Quality, Testing, and Tooling: 2k+ tests, enforced pre-commit + CI

• Built >2,000 unit and integration tests using pytest (with parameterization), including end‑to‑end tests for every model pipeline on real data and collation‑level tests on real outputs, raising coverage from 22% to 91%.
• Enforced a high‑quality development workflow with Black, isort, Flake8, and pyupgrade, all wired into pre‑commit hooks so every contributor follows the same style and linting rules.
• Integrated with GitHub Actions (for CODEOWNERS and review ownership of the R&D code) and Jenkins (for build, test, and deployment pipelines managed by engineering), and worked with QA/engineering teams who run additional regression and golden‑case tests before productizing new models.
• Documented the codebase with Google‑style docstrings, type hints, and graph visualizations of the processing pipelines to make behavior transparent for both engineers and non‑R&D stakeholders.

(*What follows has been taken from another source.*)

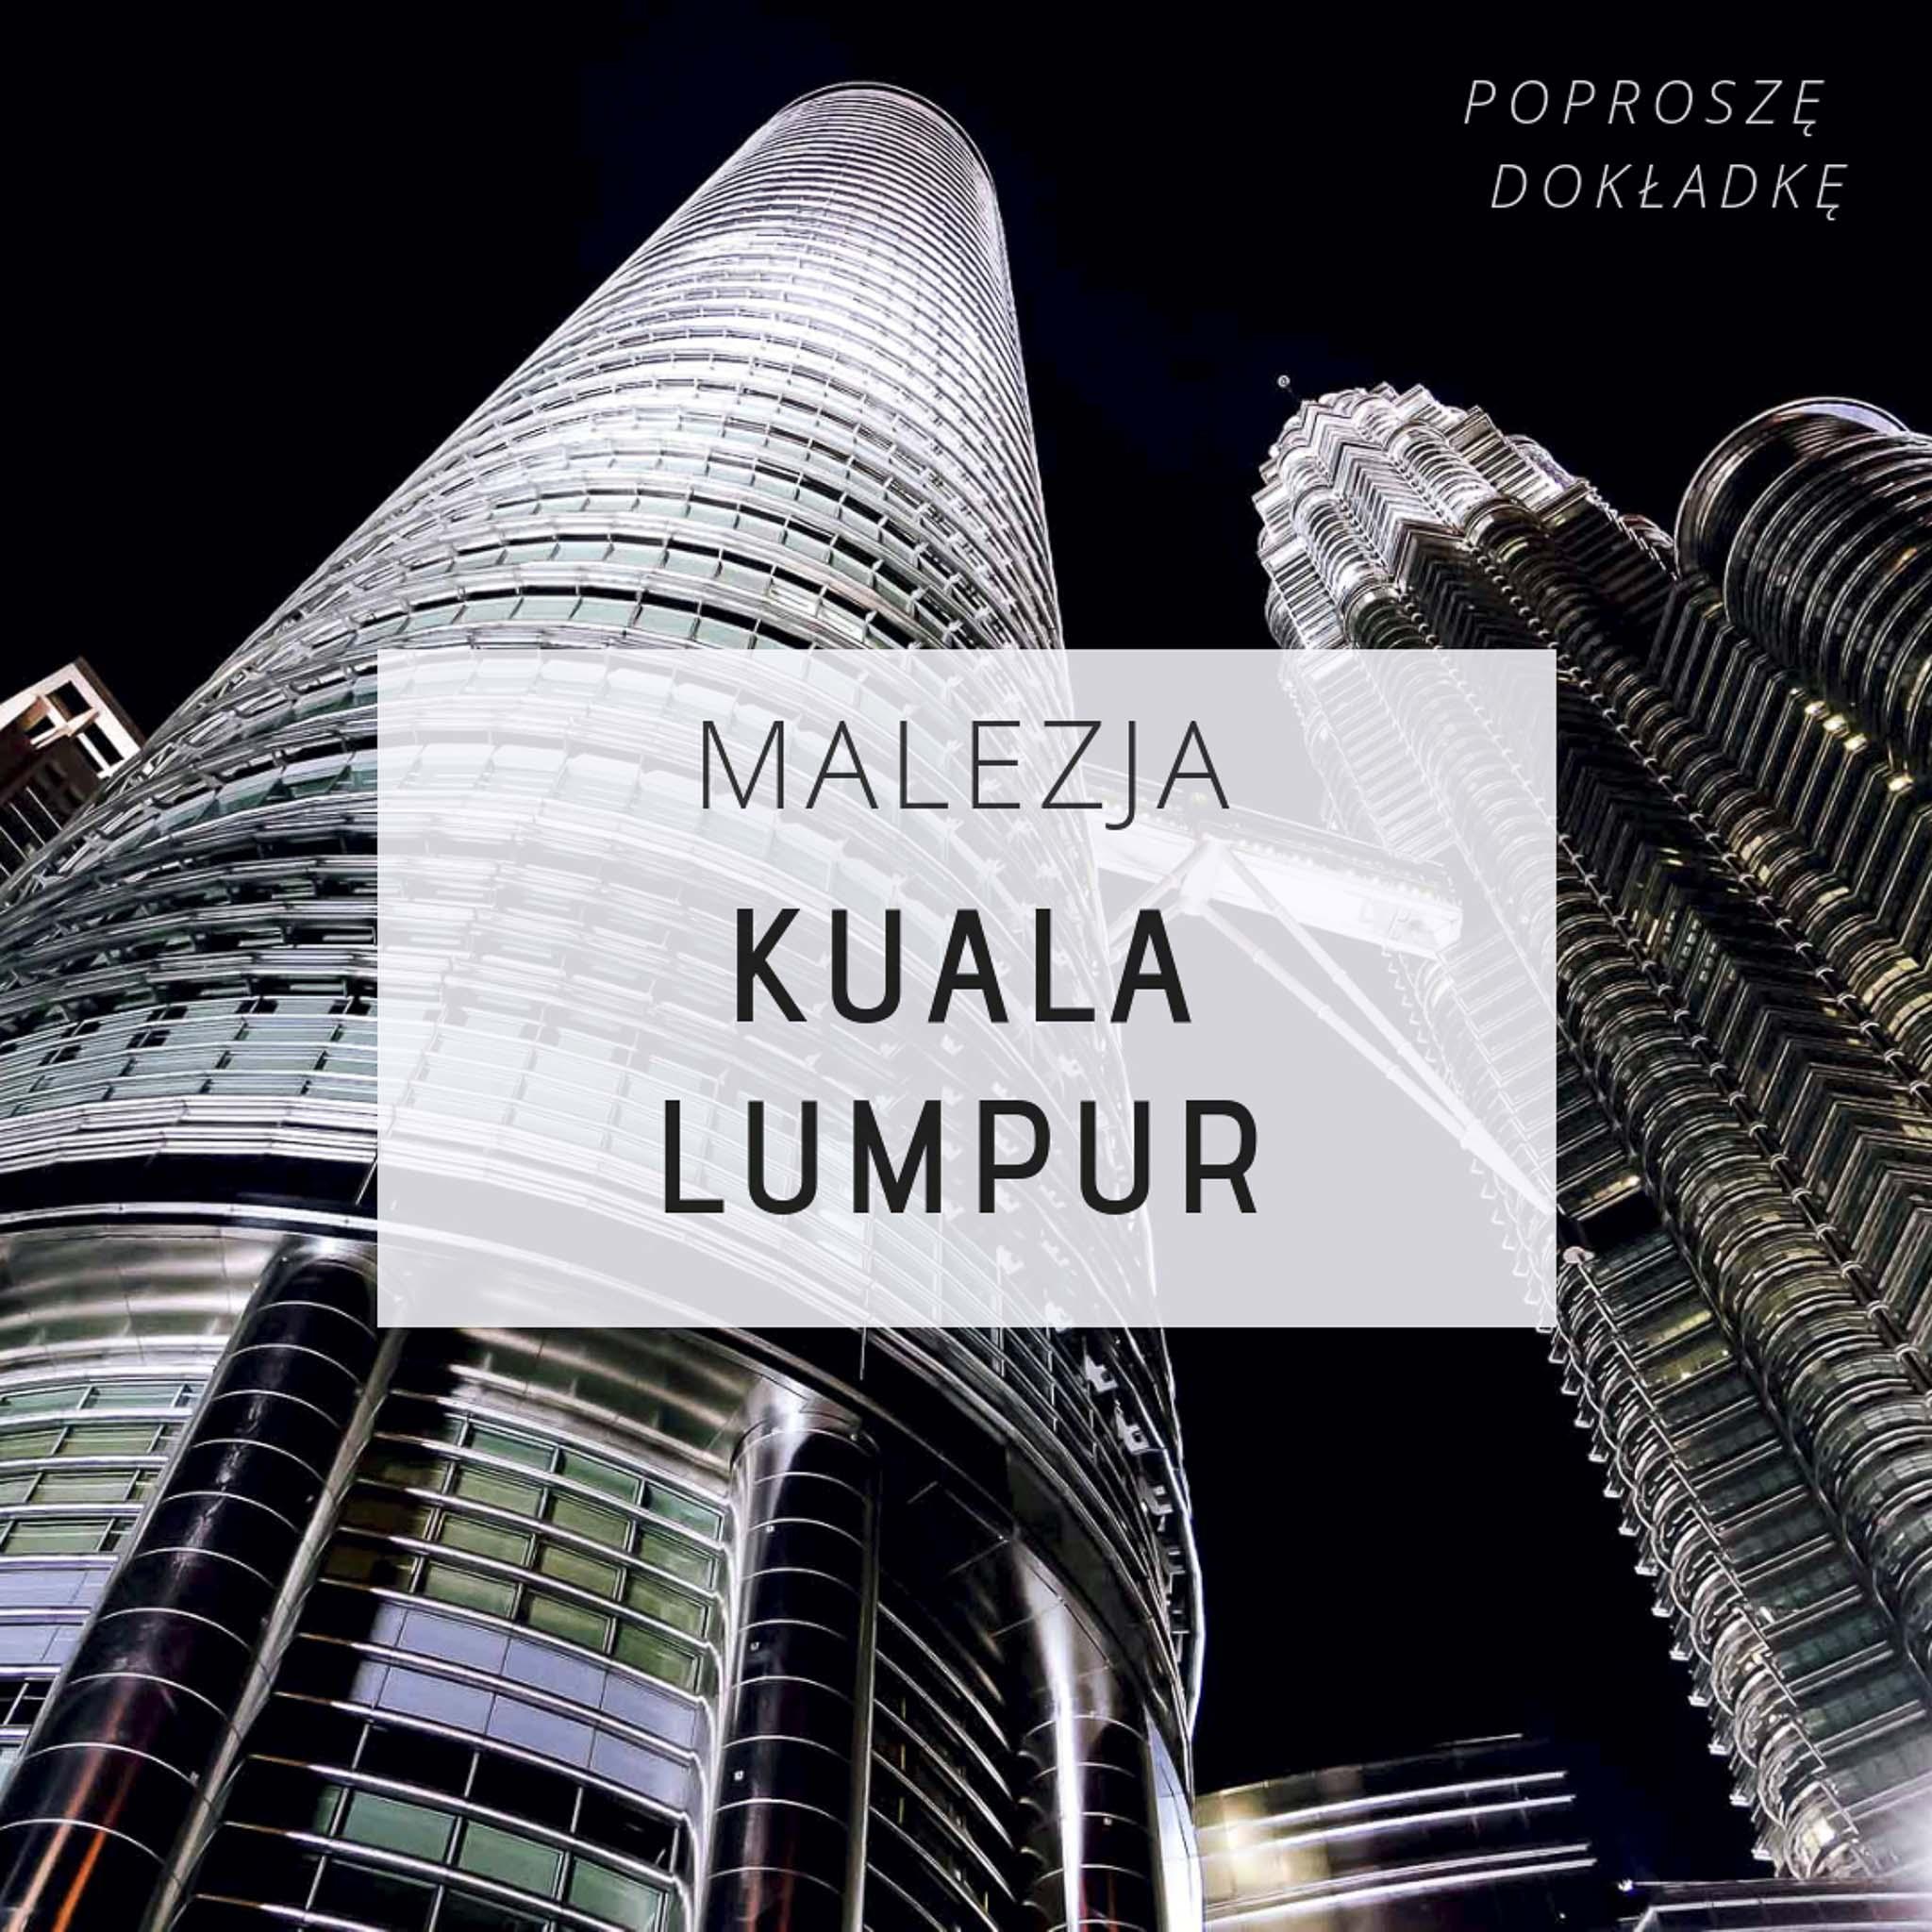 Malezja - Kuala Lumpur

Reliability, Monitoring, and Impact: Resource benchmarking, Slack alerts, < 2 incidents

• Performed extensive benchmarking under multiprocessing to ensure that total CPU, GPU, and RAM usage stays within safe limits; added failsafes and graceful‑degradation paths for resource‑related failures.
• Enabled Slack‑based alerting (implemented with the engineering and business‑integrations teams) for errors, weekly volume metrics, and other key product KPIs.
• Reduced end‑to‑end CT/CTA turnaround time by 57%, cut new‑model integration time from ~8 days to ~1 day, and achieved zero configuration‑related failures with only two processing‑pipeline issues in two years, both resolved in ≤2 days (vs. ~14 days previously).

Collaboration & Leadership: Sole R&D owner → mentor, cross-org standards

• Served as the sole R&D owner for the production pipeline, then transitioned into a mentorship and review role after knowledge transfer, as additional engineers began contributing to the codebase.
• Standardized pre‑commit and testing practices for all technical contributors working on this product, driving a company‑wide uplift in code quality for this area.
• Collaborated closely with the product’s engineering lead, core engineering team, and business‑integrations team to align interfaces, deployment strategy, monitoring, and operational processes.